But even that method of selling cosmetics is passing from the scene—women are getting fed up, I think—and is being replaced by the open-sell layout. And so you have each manufacturer trying a different system that allows shoppers to look at cosmetics, and even, under controlled conditions, to try them. But not too much. And you have women who wish to undo those controls so they can test products as they please. The interests of seller and buyer shouldn't be at odds, but they often are. Designers of cosmetics fixtures are sometimes culprits, too—they build displays without considering that shoppers need simple amenities like tissues, for instance, which would actually improve the overall neatness of cosmetics sections. Or they don't put in enough mirrors, so women have to scramble around the store as they try out makeup. The designers of these sections never visit them at five p.m. on a Saturday afternoon, I can assure you, because if they did they'd design them differently, with more accommodation for the women who use them. Shopper-unfriendly packaging intended to prevent cosmetics trial is almost always a bad idea—bad because it discourages buying and because it encourages women to damage merchandise. In any product category, the best way to limit package destruction is to offer shoppers a way to try things without doing any damage.

The advent of shrink-wrap has made it difficult to experience a great many products firsthand. In fact, many products seem to be overly
packaged, which is a pain if you're a hands-on shopper. We've come a long way from the simple listening booths once found in record stores. Today in the very troubled world of music, there are several rather complex electronic systems that try to make samples of recordings available to shoppers. Typically, these involve listening stations—headphones plugged into a board, and then a menu of CDs that can be dialed up. One problem is that you may be unfamiliar with these gizmos, and so you push the button for the disc you want, but then…nothing. In fact, there's a wait while the song cues up, but no indicator on the machine tells you so. You give it a moment and either shrug and give up, or you assume you've chosen a nonworking channel and push another button, and then more buttons, ultimately sending the machine into meltdown.

The best system is always the simplest and most direct one.
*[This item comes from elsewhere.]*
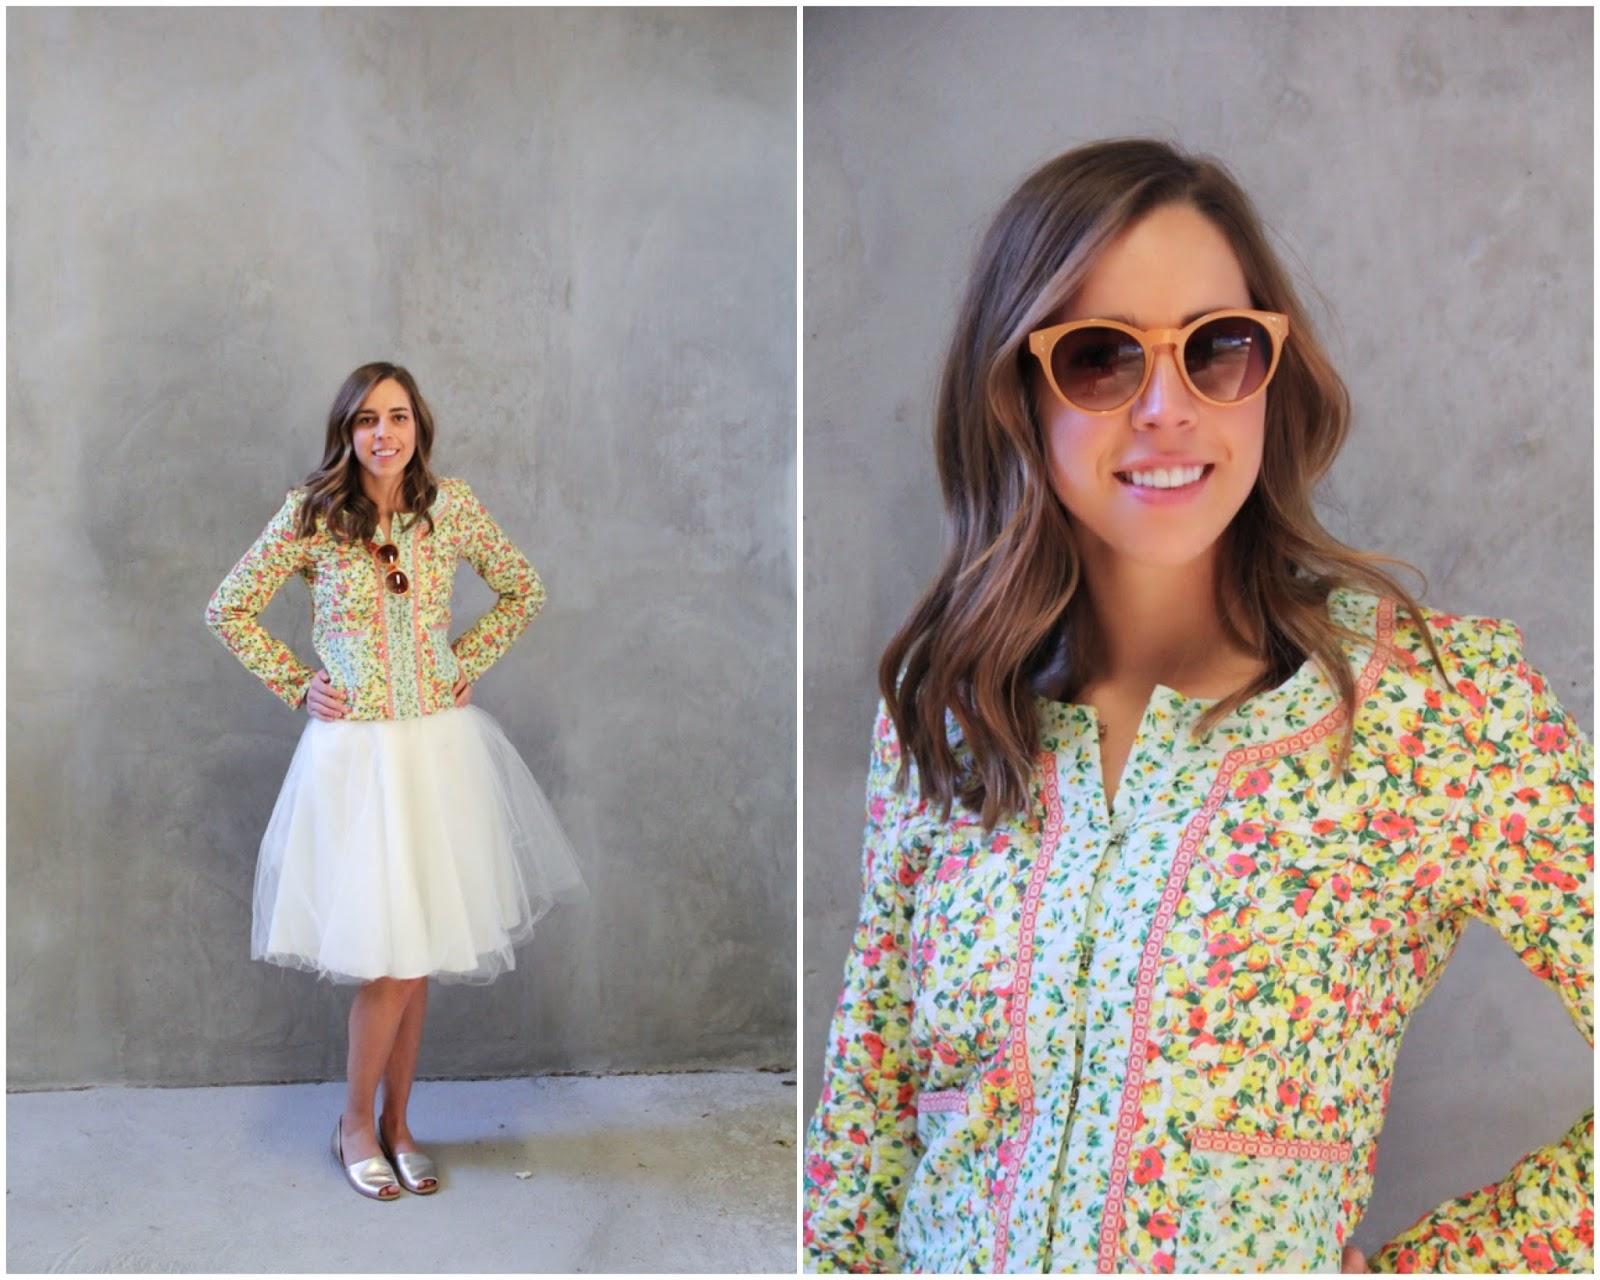 DIY Tulle Skirt, spring fashion, floral print, sunglasses, girl, cream, silver sandals, franco sarto

There, a shopper just selects any CD from any rack and brings it to a listening bar, where a clerk opens the package and plays the disc. That's it—no gizmos, no buttons, no menus, no waiting. Instead of spending money on complicated, unreliable song-sample-playing machines, the store buys one shrink-wrapping device to repackage whatever's not purchased, and that's that. And such a system must allow shoppers to listen to music as human nature intended—meaning, nobody listens to music standing still and staring at the floor. In a store we researched in Alabama, listening station headphones were equipped with twenty-foot-long cords, so music fans could move around and even shop nearby racks. With that, the stores go from being places to buy records to places where one can listen to them, find out what's out there, what's new, who's playing what. It turns the store into an interactive radio station and makes shopping there a fun experience. Best of all, from the store's point of view, it lessens the retailer's dependence on the labels to market their merchandise properly. When a store allows access to merchandise, it is in essence doing its own marketing—one-on-one, to an interested consumer who is in a position to act on his or her desires on the spot.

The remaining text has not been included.